Each phase is independently valuable. Phase 2 alone makes relay.orly.dev
the most complete nostr archive. Phase 3 alone makes it the cleanest.
Phase 5 alone drives adoption. They compound.


## Infrastructure Notes

### VPS: relay.orly.dev
- AMD64, Ubuntu 24.04
- 200GB disk (currently full — needs /var/log cleanup)
- Target: 100GB for corpus, 50GB headroom, 50GB for growth
- Caddy reverse proxy handles TLS

### Domain: orly.dev
- relay.orly.dev — nostr relay (existing)
- smesh.mleku.dev → becomes smesh.orly.dev or just orly.dev root
- git.orly.dev — git hosting (Phase 6)

### Source Code
- Lives at /home/mleku/src/next.orly.dev (private)
- Module path: next.orly.dev (unchanged until public pivot)
- Planning docs: /home/mleku/orly.dev/


## Risk Factors

1. **Classifier accuracy**: False positives on humans quoting AI output.
   Mitigation: high threshold, progressive trust, never hard-delete.

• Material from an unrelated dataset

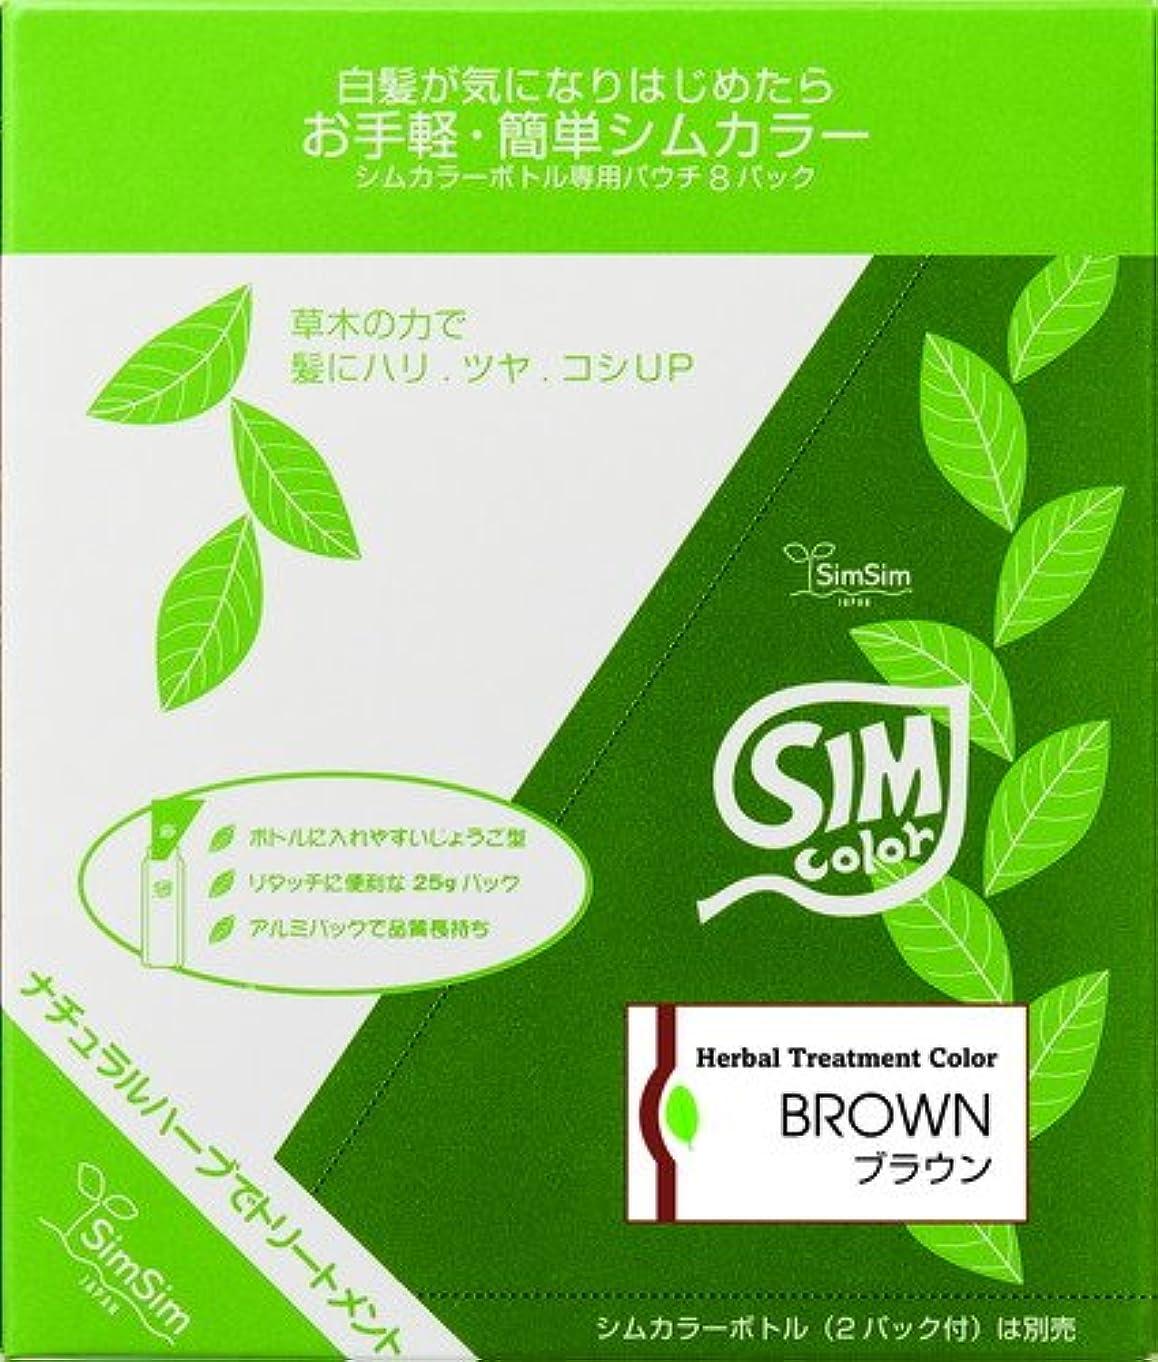 しっかり夫採用SimSim(シムシム)お手軽簡単シムカラーエクストラ(EX)25g 8袋 ブラウン

2. **Storage limits**: 100GB may not be enough for "all of nostr".
   Mitigation: prioritize by recency and relay rank, evict old low-value content.

3. **Relay blocking**: Large relays might rate-limit or block aggressive sync.
   Mitigation: respectful sync intervals, negentropy is bandwidth-efficient.

4. **Community reception**: Flag notes could be seen as spam themselves.
   Mitigation: accuracy is everything. Only flag high-confidence cases.
   Transparent methodology. Verifiable claims.

5. **Hostile response**: Incumbents might actively counter.
   Mitigation: stealth-first. By the time it's visible, value is demonstrated.